Many business owners and celebrities push back against being called an overnight success. The “Let’s Make A Deal” game show host Monty Hall once famously said, “Actually, I’m an overnight success, but it took 20 years.” From the outside, sure, it looked like Hall catapulted to fame when the reality was that he spent years building his career. You may have even had similar experiences in your own work.

We know that the greatest rewards in business often come from long-term effort. When you talk to your own clients about how your work can affect them, you likely frame the conversation with this perspective as well. Yes, you will get them short-term wins, but the value of working with you over the long haul is where the real magic happens.

That wisdom may be a universal truism, but even the most experienced professionals can lose sight of it, especially when it comes to marketing and sales. We might tell clients in one breath that they should look at the long-term returns of their work with you, but then turn around and expect near-instant returns from our salespeople and from our marketing efforts.

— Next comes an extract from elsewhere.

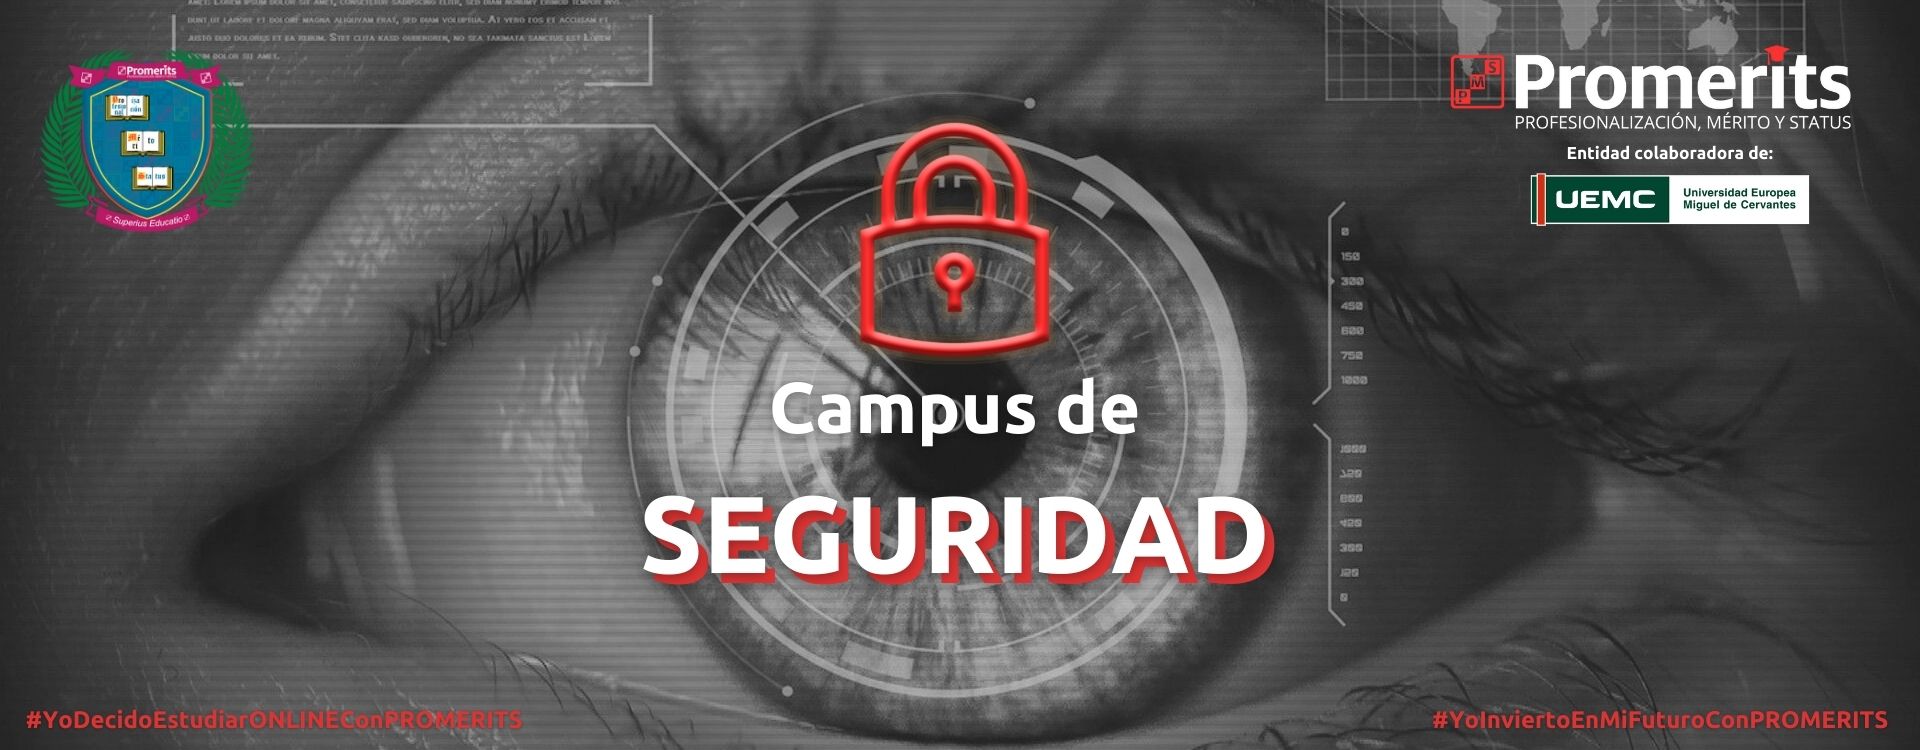 Campus de Seguridad

A new marketing campaign might promise an influx of new business over the next two years – especially when you look at the long-tail potential of client referrals and the nature of sales cycle growing longer as the sale sizes get bigger – but the dynamic of parting with cash today for a reward tomorrow can still be a challenge. Even though we know that the long-term return is the smart play, resisting the urge to pivot to short-term thinking can be difficult.

Pitfalls in Long-Term Marketing

In reality, however, the problem is often more deeply rooted than simple budgeting. Here is what we’ve learned from our MSP clients about why the long-term marketing play is difficult to make:

  1. Doubt can fester. Advising clients to think about the long term is comfortable because you have the experience and context to trust in the recommendation you’re making. When you hand that trust off to someone else, you can begin to doubt if you are making the right decision because you don’t have the same depth of insight. To avoid this, you need to carefully choose your marketing partners and be willing to let them do what they do best.

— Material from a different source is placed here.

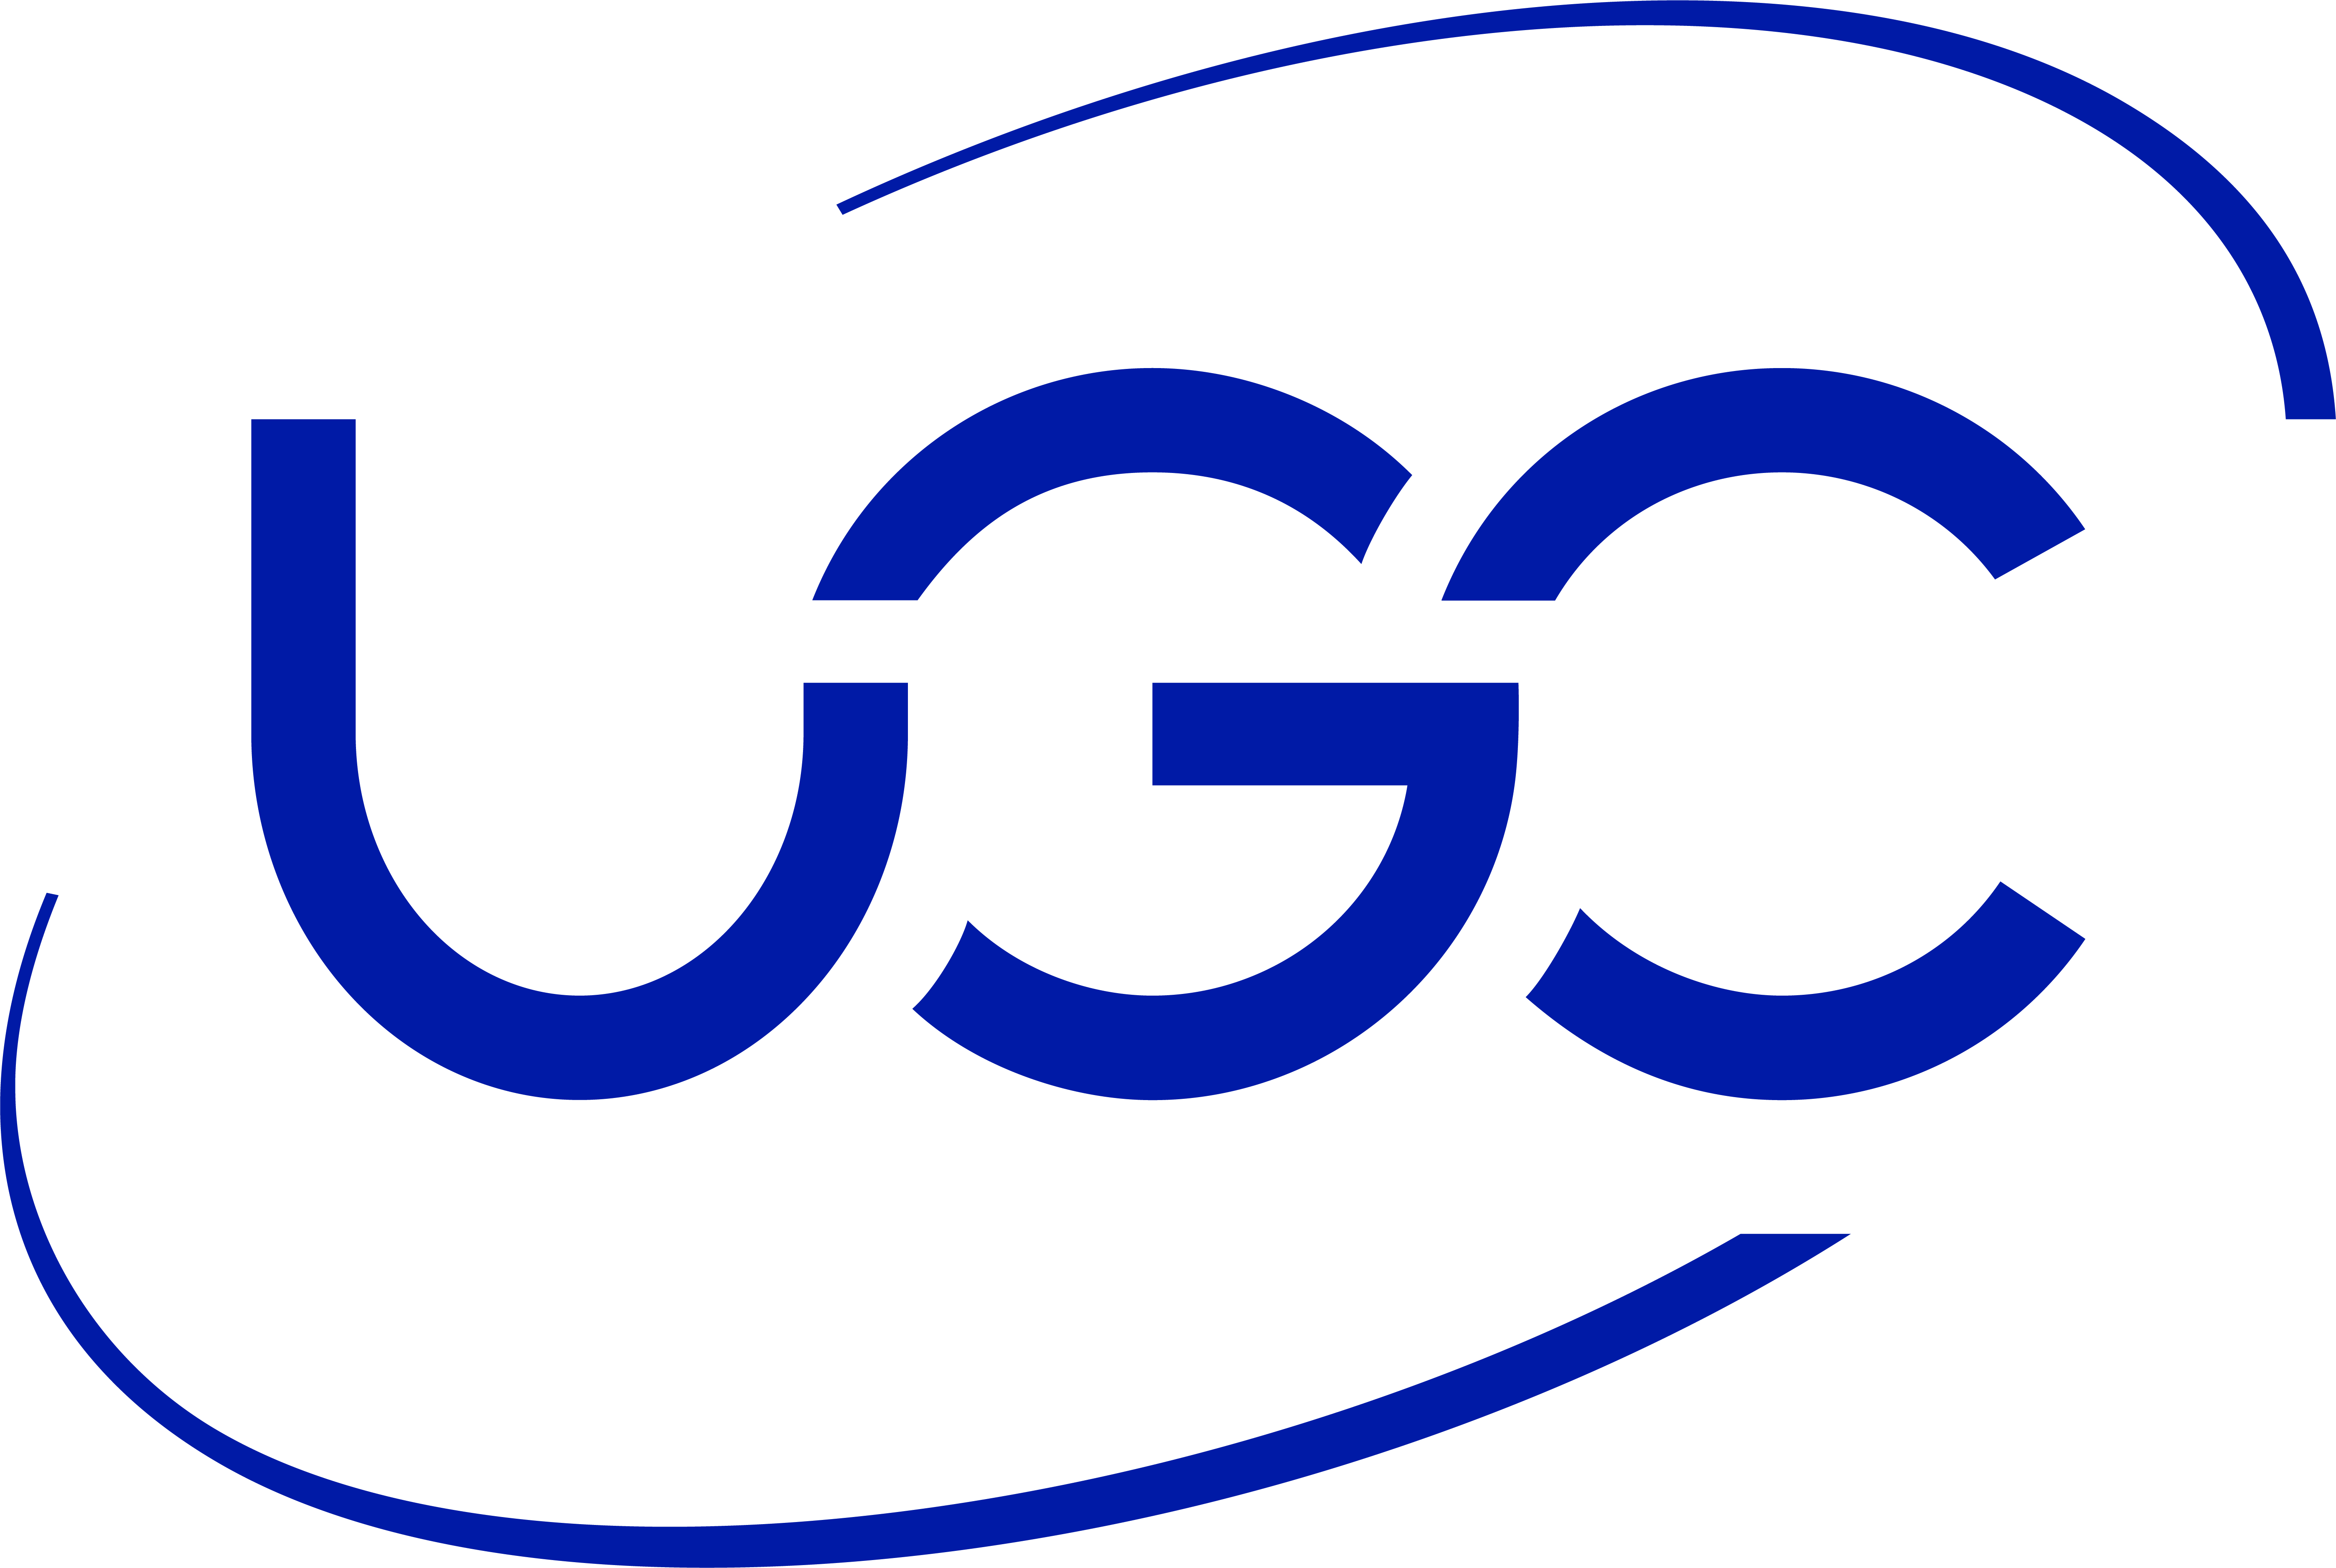 Logo UGC

  2. The risk is intimidating. To grow, many business owners feel like they need to “bet the farm” on the next marketing campaign. That’s not true. If your business is in a position where the marketing campaign is your last attempt at staying afloat, you probably have bigger problems to address on the inside of the business. In practice, a marketing initiative should be able to fail without ruining your livelihood.

  3. The foundation for growth is missing. Sometimes MSPs shy away from effective marketing because they don’t want to address their internal shortcomings. To grow, you need a number of resources in place — from employees to service clients to a CRM to manage an influx of new prospects. These issues can be addressed, of course.

When you can step back and evaluate your marketing – perhaps recognizing that you’re …

… not making long-term investments in your own growth – you can make more informed decisions about what will really drive your business forward. If all of your marketing is built around quick turnarounds, you’re likely missing out on deeper opportunities to position your business for growth, which means there’s a whole trove of prospects you may never see or meet.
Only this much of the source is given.